Creating a custom voicebank is expensive, so unless you’ve got a voice that fills a niche, I doubt that Dreamtonics would consider it. The actual cost is hidden behind an NDA, but the Kickstarter for Solaria was around $42,000.
I don’t have access to the inner workings of Dreamtonics, but I wouldn’t place any hopes on being able to create a custom voice in the immediate future. They’ve just released Vocoflex, and I suspect that wouldn’t have gone that route if custom voicebanks were easy to do.
If you really want to clone your voice, you’ve got at least three options, each with caveats:
- SynthesizerV + Vocoflex
- SynthesizerV + RVC
- ACE Studio (obviously not SynthesizerV)
The biggest caveat is that much of makes a singer distinctive isn’t in their vocal timbre, but their performance. Just in the way that two people will read the same words differently, different singers will sing differently.
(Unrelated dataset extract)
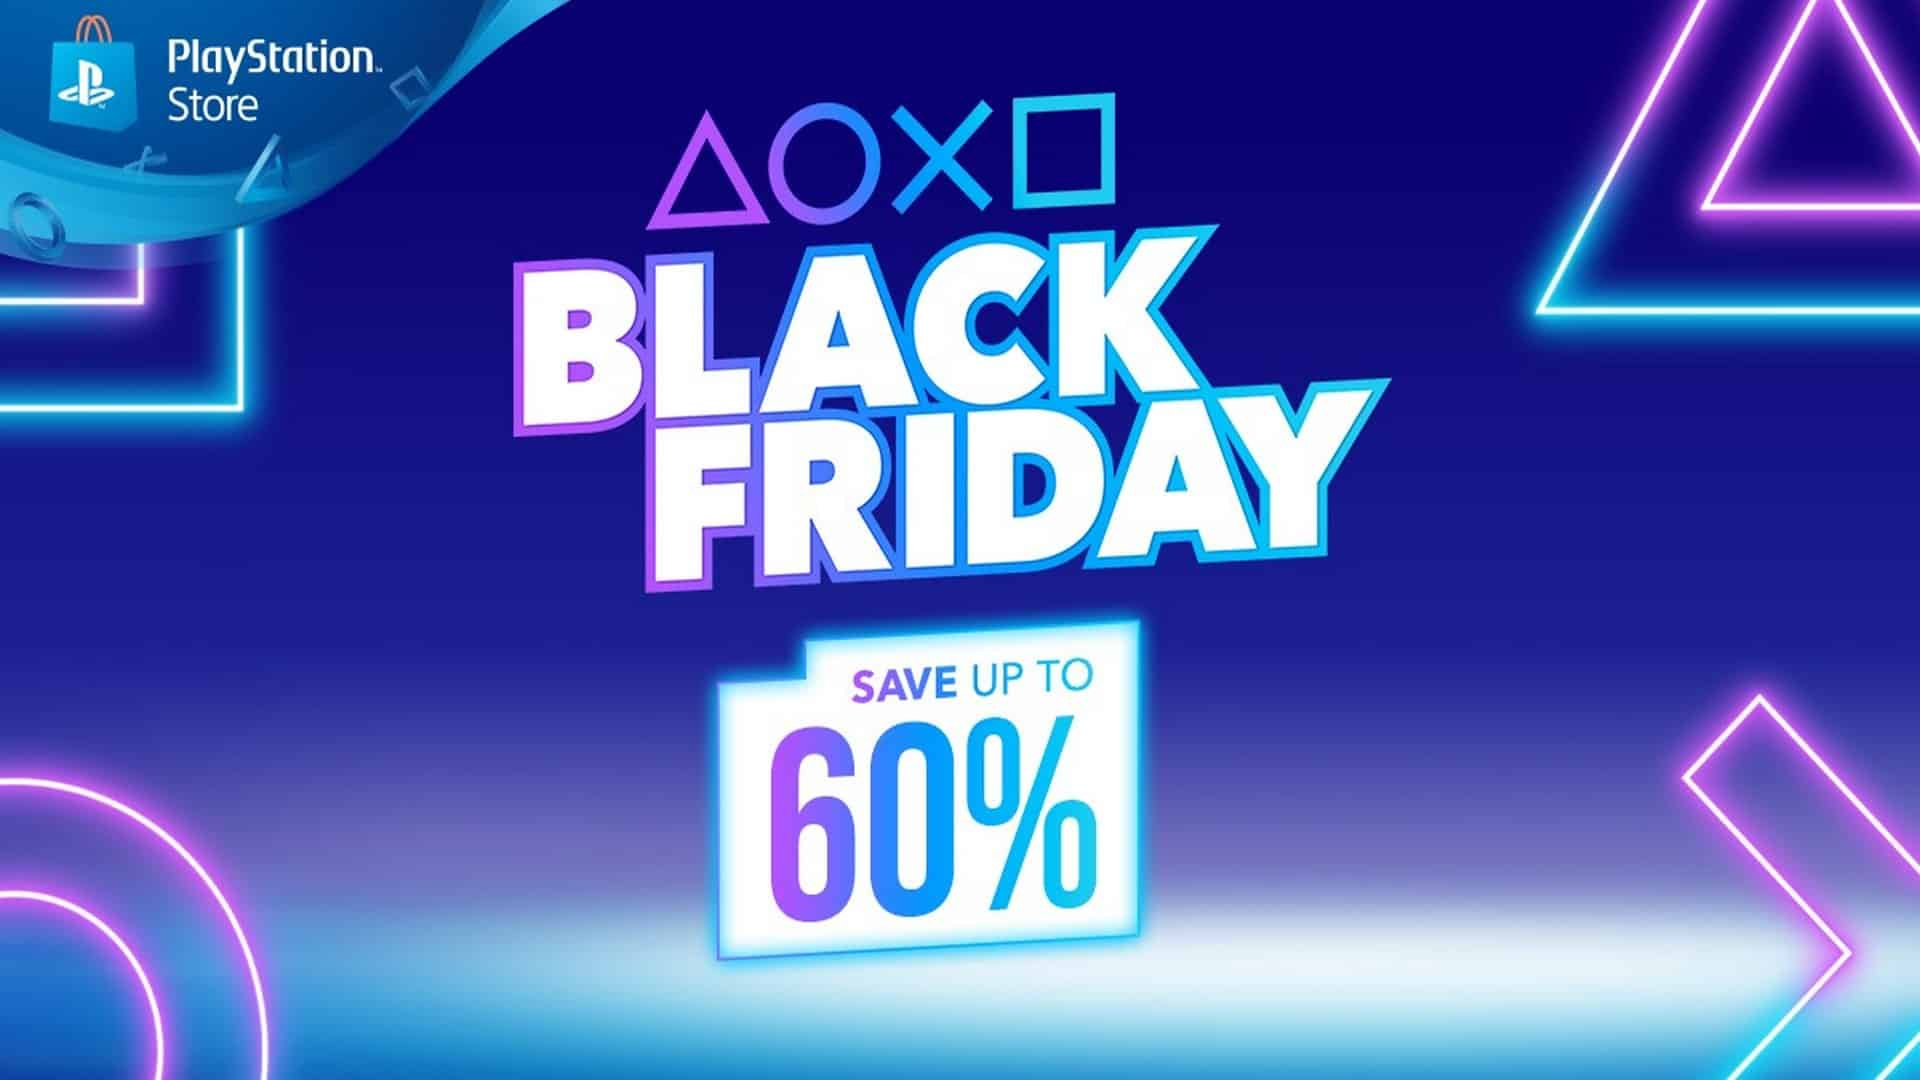 Hey Look, a Black Friday Advert Has Appeared on the PS4's Dashboard - Does Spidi Have Black Friday Deals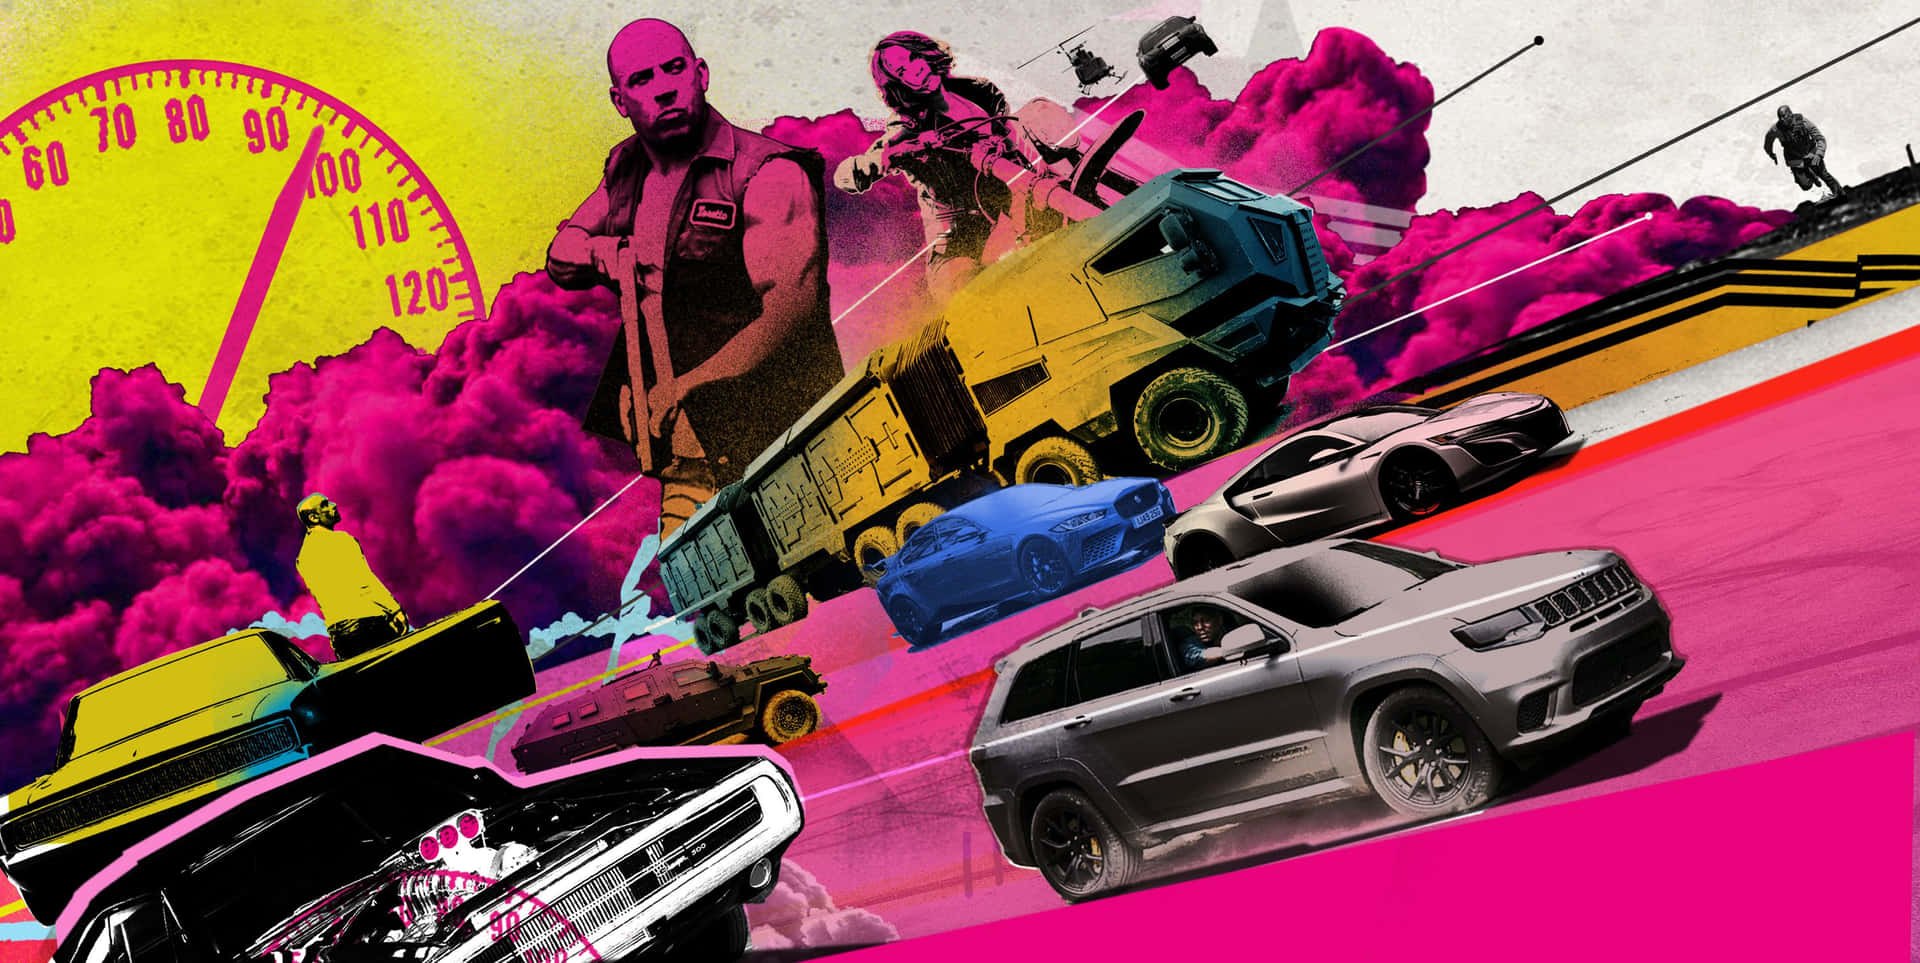 The latest installment of the Fast and Furious franchise is almost here! Wallpaper

If you’ve listened to bad RVC, you’ll know what I’m talking about.
And none of the options I listed captures the vocal performance.
So if you simply replaced a source singer with another singer’s timbre, it’s still going to sound very much like the original singer if they’ve got a distinctive style.
Vocoflex
Careful reading of the Vocoflex’s description will show it’s not voice cloning software. It’s intended to be used as a “creative” tool.
Still, it might work for you. Or not. The results for me aren’t great, because I’ve got a pretty low voice that doesn’t seem to match the Vocoflex vocal synthesis model very well. That’s fine, because - once again - Vocoflex isn’t really voice cloning software.
RVC
RVC is a popular method for voice cloning. It’s likely to sound more like you than Vocoflex - which doesn’t claim to do voice cloning - but how well this works again depend on how well the underlying performance matches how you sing.
The expensive bit of RVC is the training, which requires hours on GPUs, and laughably long times using a CPU. If you haven’t got a AI-capable video card, you can instead buy some credits to use Google Collab. Actually rendering can be done in realtime if you’ve got a reasonably fast CPU.
ACE Studio
ACE Studio does have an option for voice cloning. Like the other methods, it doesn’t capture performance. So again, the success of the cloning is going to be highly dependent on how much the source “sings” in your style.
Obviously, this is going outside the Dreamtonics ecosystem, but if an all-in-one voice cloning solution is what you’re after, they’ve got that.
Summary
With any option other than Vocoflex, you’ll need lots of voice data. ACE Studio recommends 30 to 100 minutes of audio for best results.
These are the options that I’m currently aware of that are available to you. For background vocals or replacing short segments of vocals, using RVC on a SynthV is probably the cheapest option.
Of course, all the is subject to rapid change as time passes.